Last Week's News, By The Numbers

What were some of last week's big news stories impacting solution providers? Here are five that will interest partners of SAP, Cisco, Avnet and GE Digital, and highlight a key acquisition within the channel.  

15,000 – Approximate number of channel partners in SAP's PartnerEdge program (although less than half – about 7,000 – are active, according to Rodolpho Cardenuto, president of SAP global channels and general business). Under the new Referral Option within PartnerEdge, solution providers earn a finder's fee for cloud software sales leads they bring to SAP. The fees are 10 percent of a deal's value in the U.S., 5 percent in some other countries.

2 percent to 4 percent – Projected year-over-year revenue decline for Cisco after it released its second-quarter fiscal 2017 results. CEO Chuck Robbins linked the projected drop to a slowdown in service provider spending as companies watch how the U.S. and global political landscapes will change following the election of Donald Trump as president of the United States.

475 – Number of employees of Cleveland-based Park Place Technologies after its acquisition of Ardent Support Technologies, of Dover, N.H., announced last week. Ardent, which provides third-party maintenance for data center hardware, has been a strategic partner of Park Place for several years and brings "depth" to Park Place's 6,500 customers across 90 countries, according to Park Place COO Chris Adams.

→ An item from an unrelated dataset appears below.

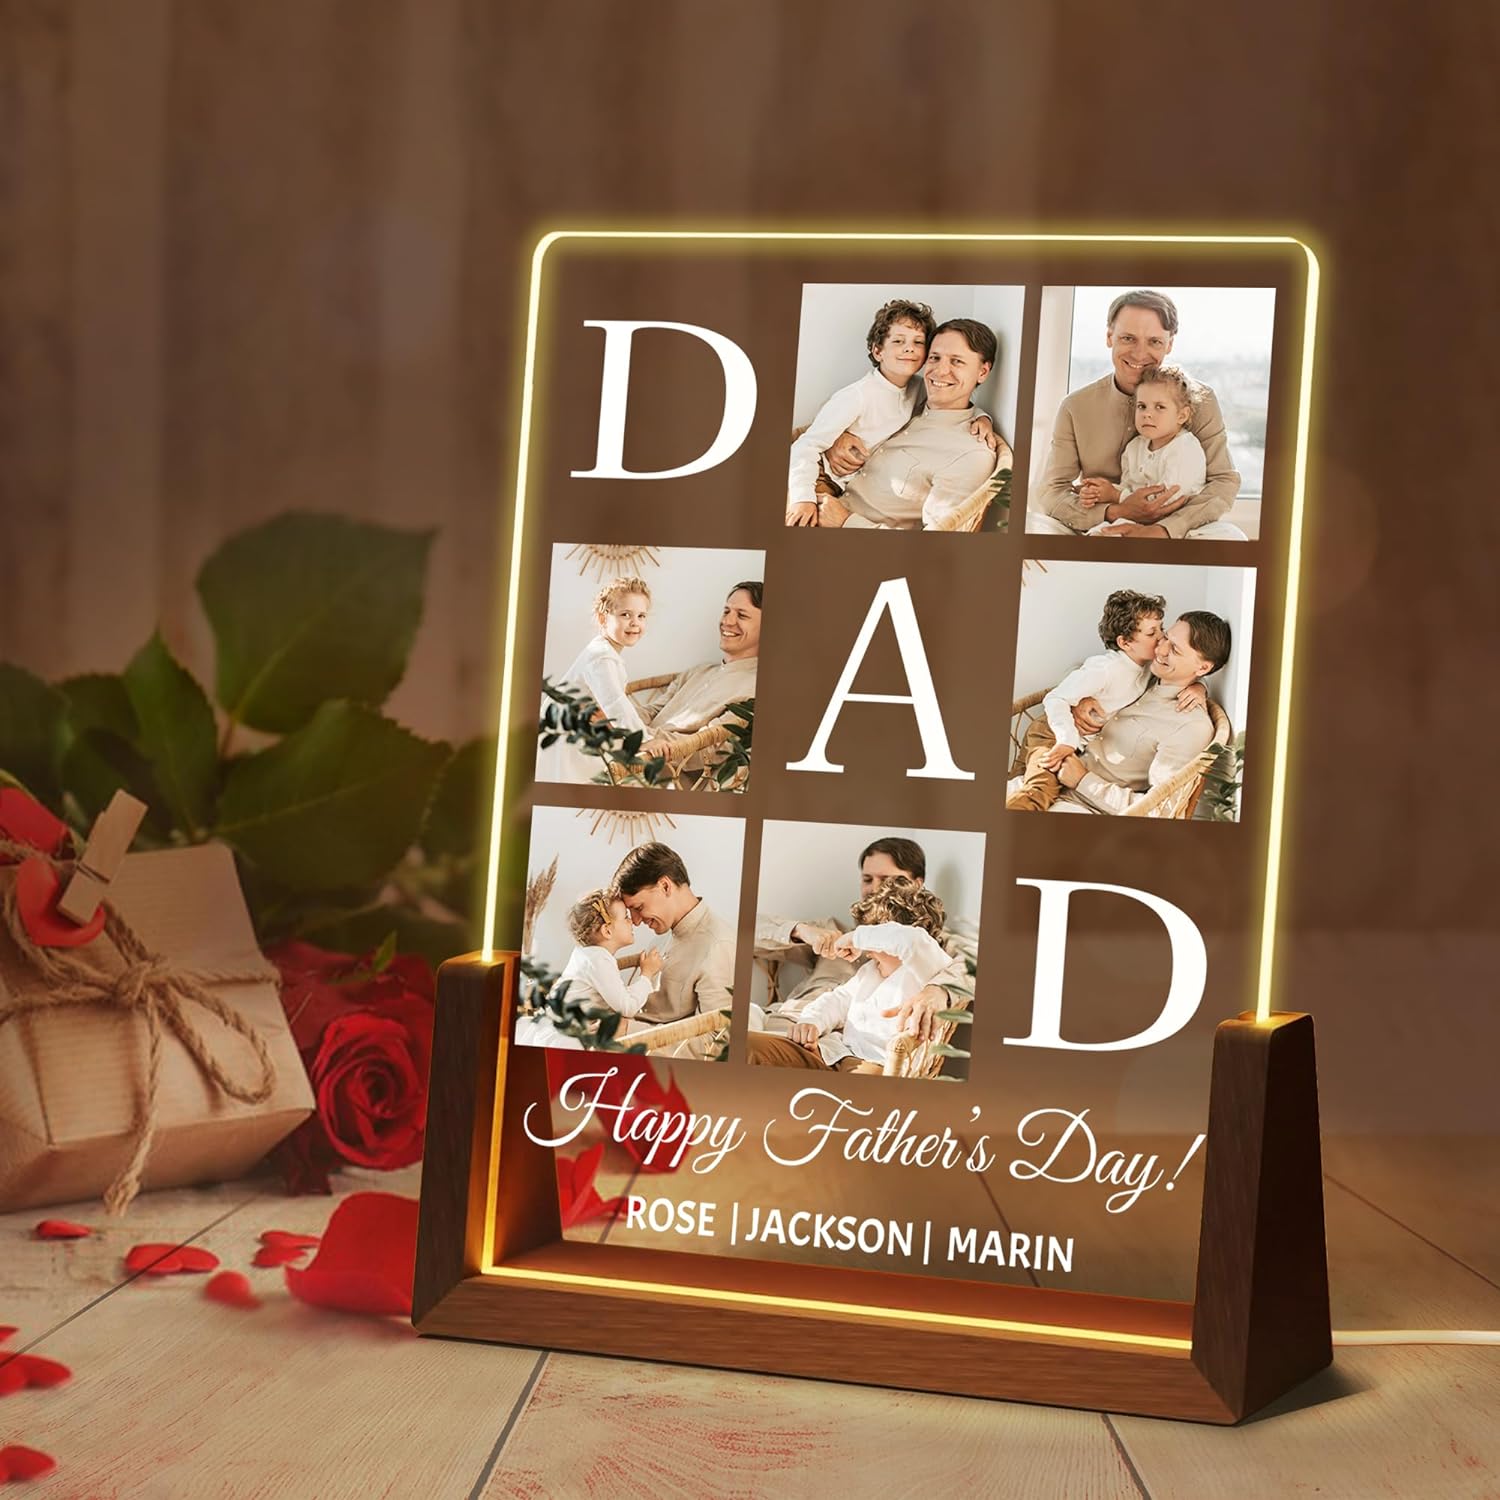 Personalized Acrylic Night Lights with Picture Text Gifts for Dad Custom Night Light

$3,500 to $7,000 – Per-month cost range for a solution provider that wants to sign up for a managed security service launched by Phoenix-based distributor Avnet. The service, Recon, is aimed at boosting partner margins and making solution providers stickier with end users in health care and retail. Avnet says Recon will make it easy for partners to provide SMB and midmarket customers with intrusion detection, vulnerability assessments, and security incident and event management (SIEM). The exact cost will depend on the complexity of a solution provider's end-user environments.

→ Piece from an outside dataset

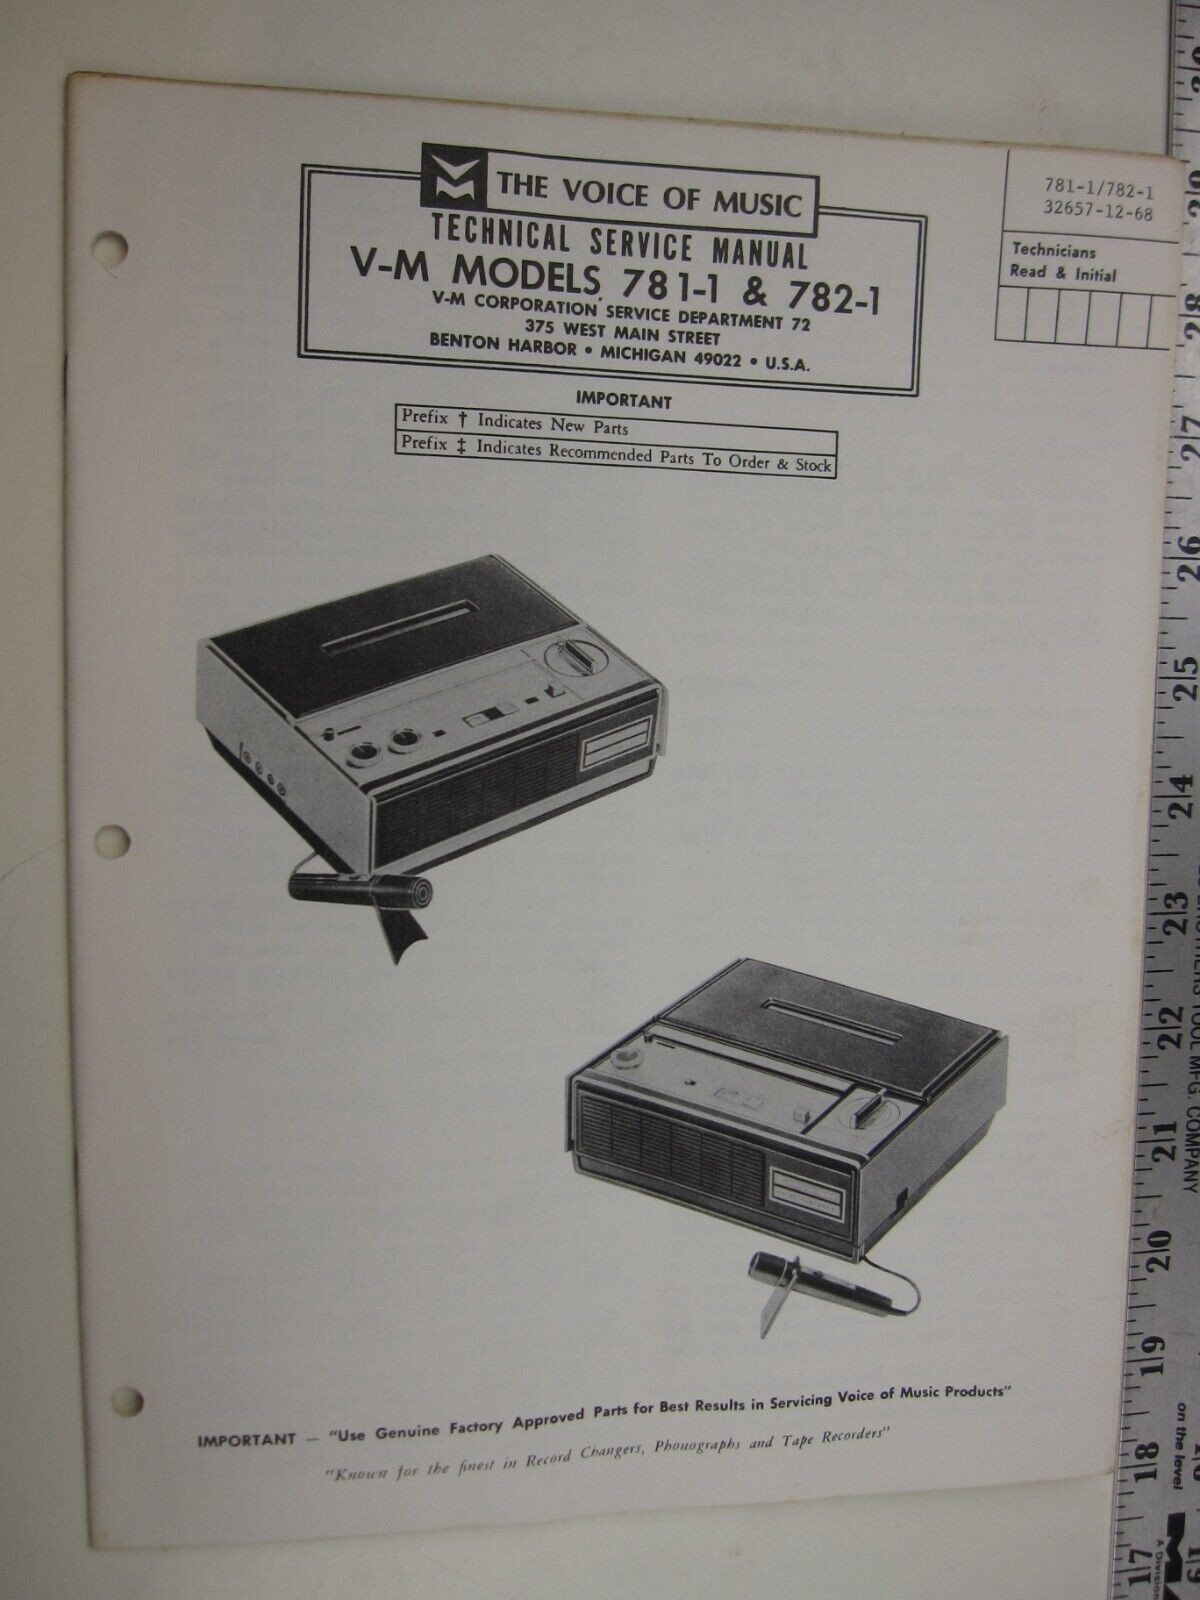 SF 60's V-M Voice of Music Technical Service Manual MODELS 781-1 & 782-1   BIS

$915 million – Price that GE Digital paid to acquire field service management company ServiceMax. GE Digital said the deal will give it more services options for the Industrial Internet of Things (IoT) market and help it commercialize applications for automating and digitizing heavy-duty machinery on GE's Predix platform. Andy Sivaraman, senior vice president at Paramus, N.J.-based GE partner ITC Infotech, said the acquisition would be essential for GE Digital to build out its Industrial IoT product portfolio.